→ Action item
Transcribe the listing below in full, exactly, with no images.

→ Available data
* * *

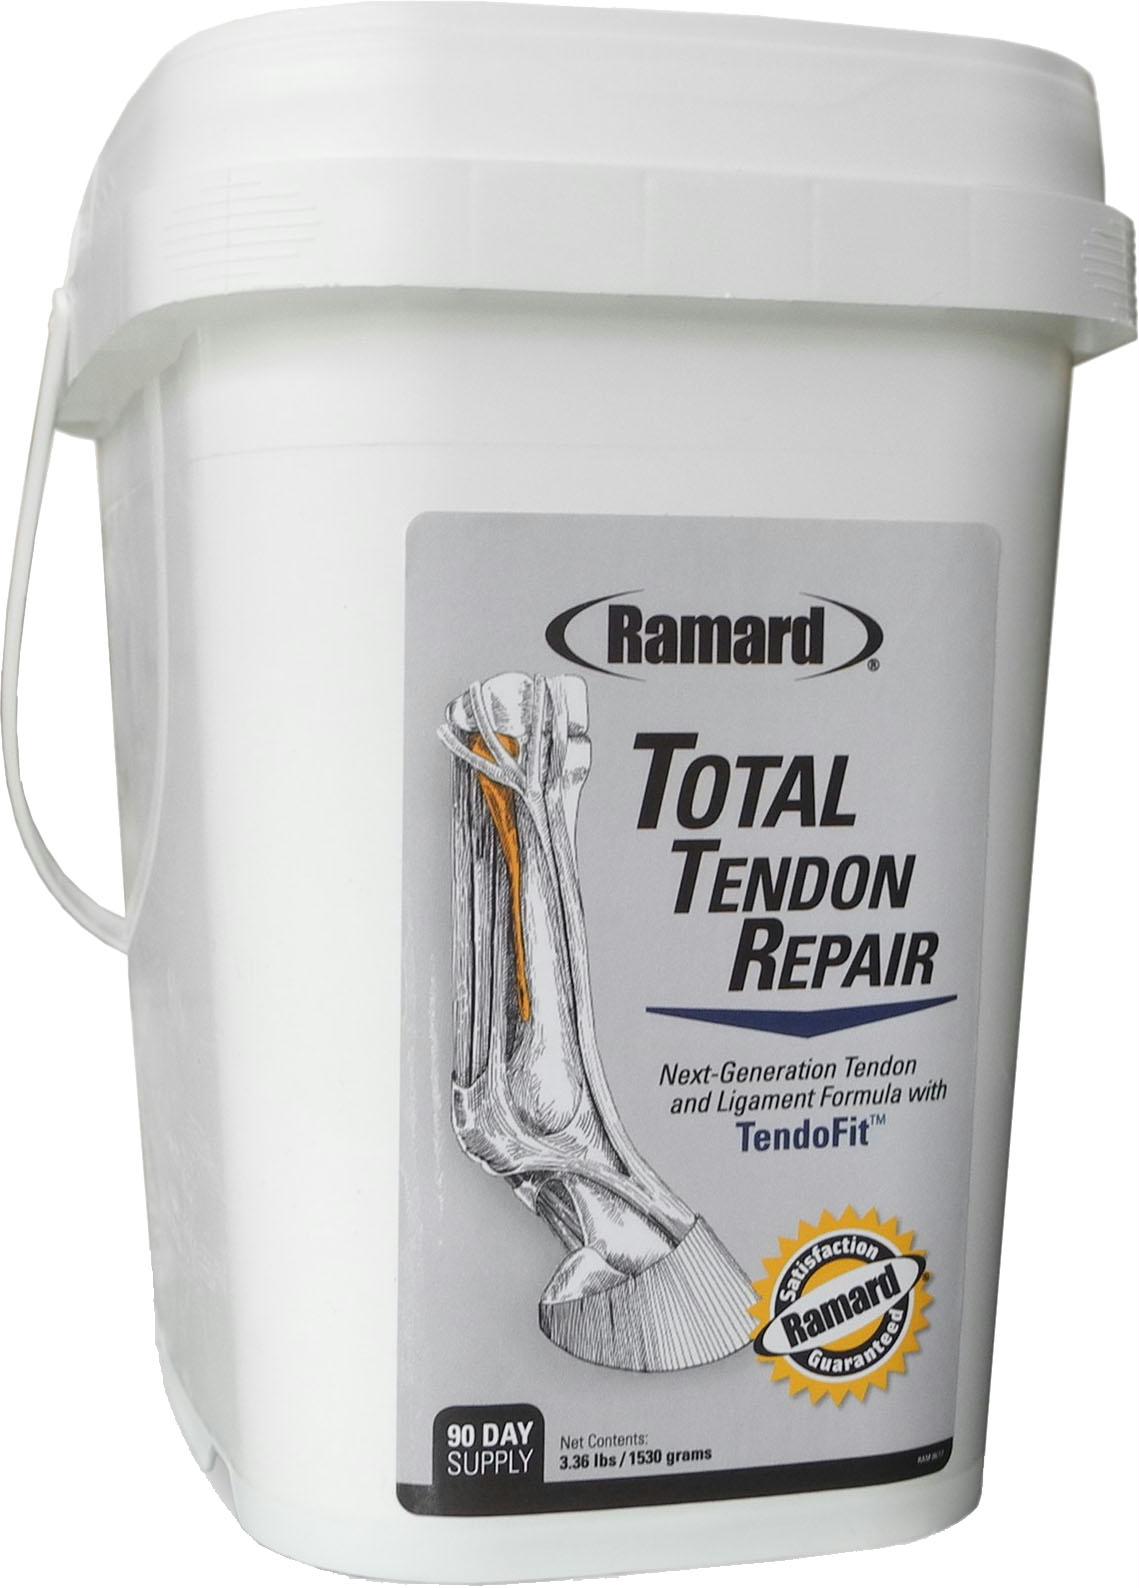 Total Tendon Repair Pail - aomega-products
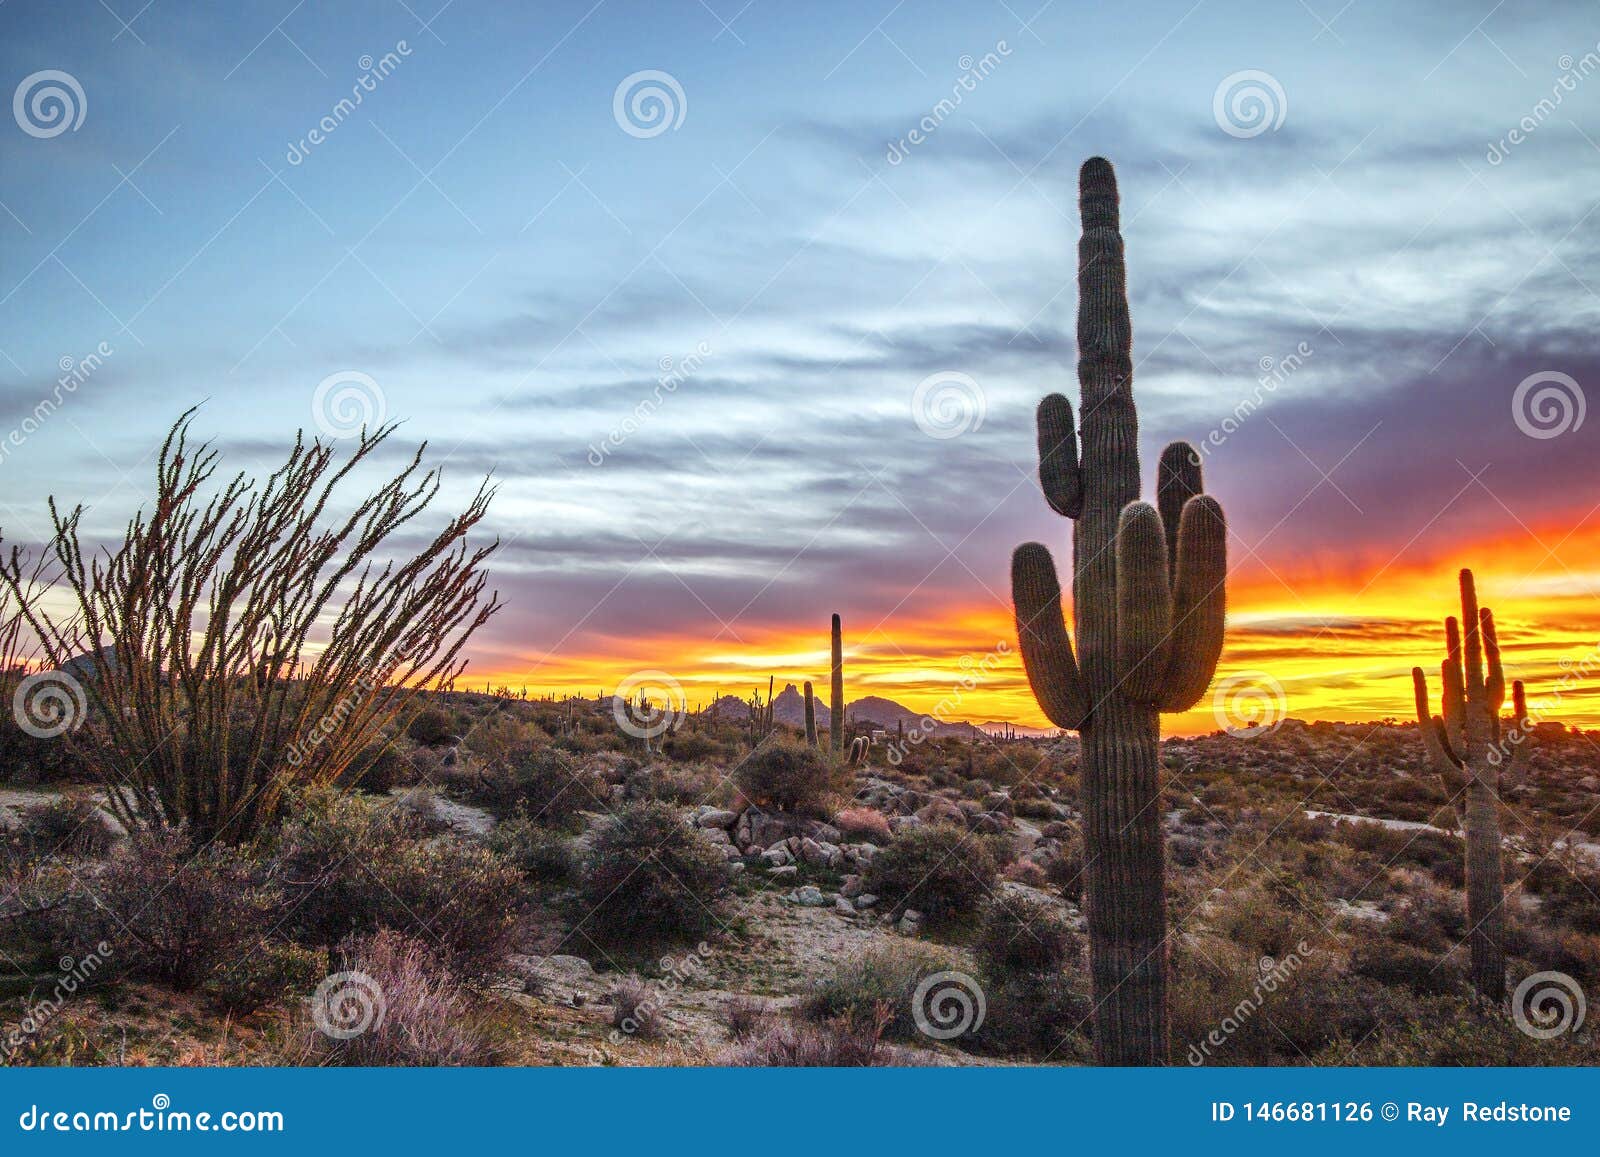 Saguaro Cactus with Vibrant Sunset Background Stock Photo - Image of ...
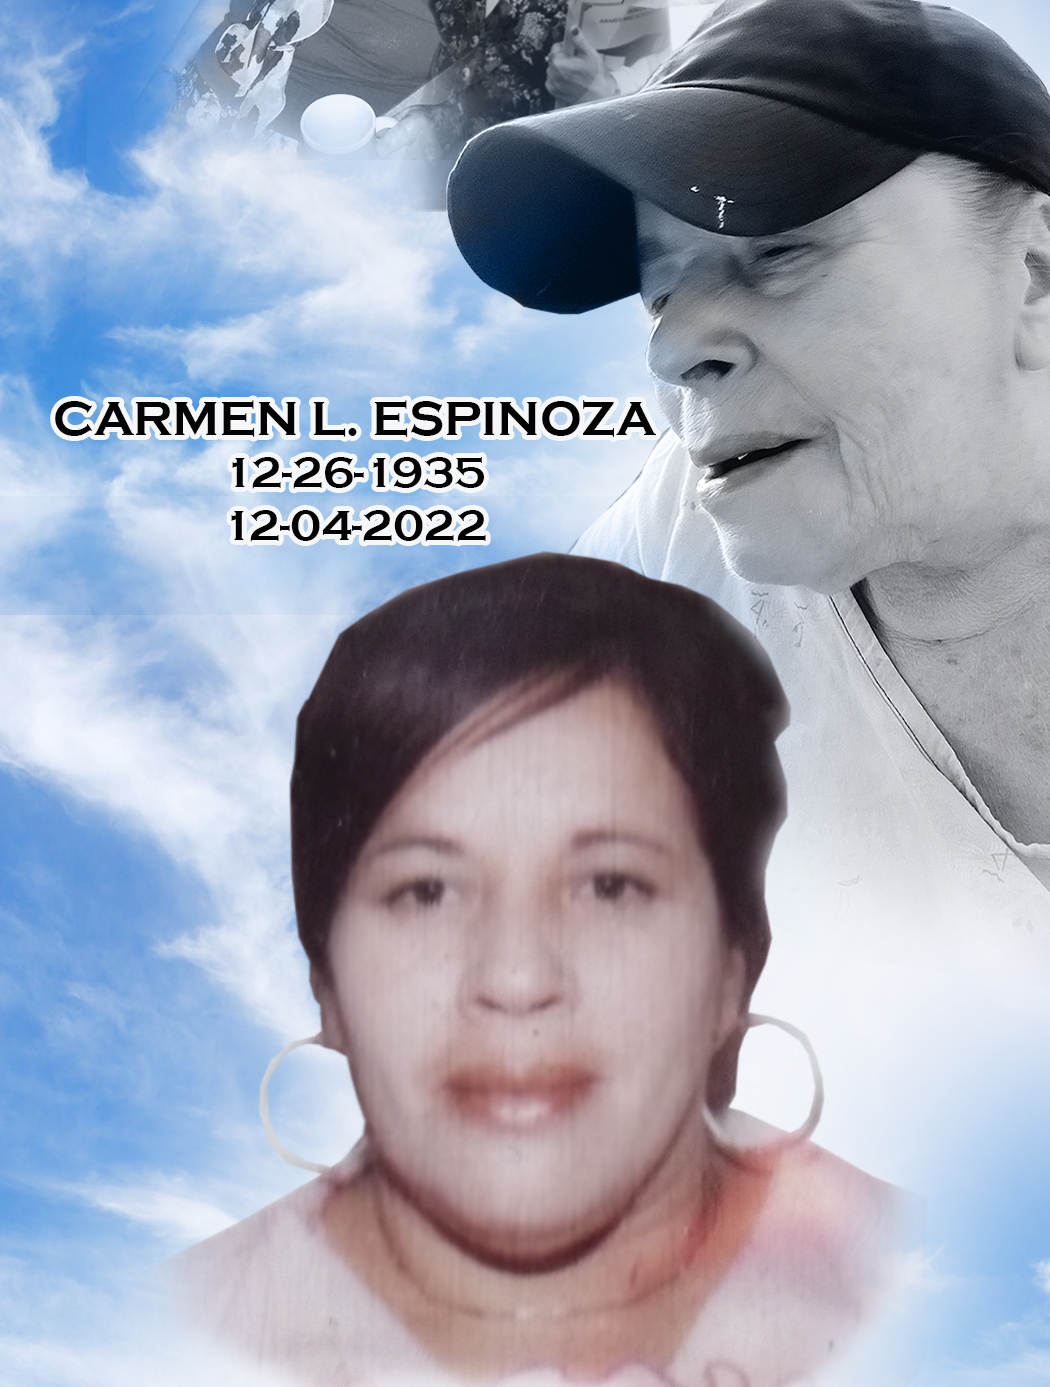 Carmen Espinoza

* * *

→ Reply to the task
 Total Tendon Repair Pail - aomega-products
 Saguaro Cactus with Vibrant Sunset Background Stock Photo - Image of ...
 Carmen Espinoza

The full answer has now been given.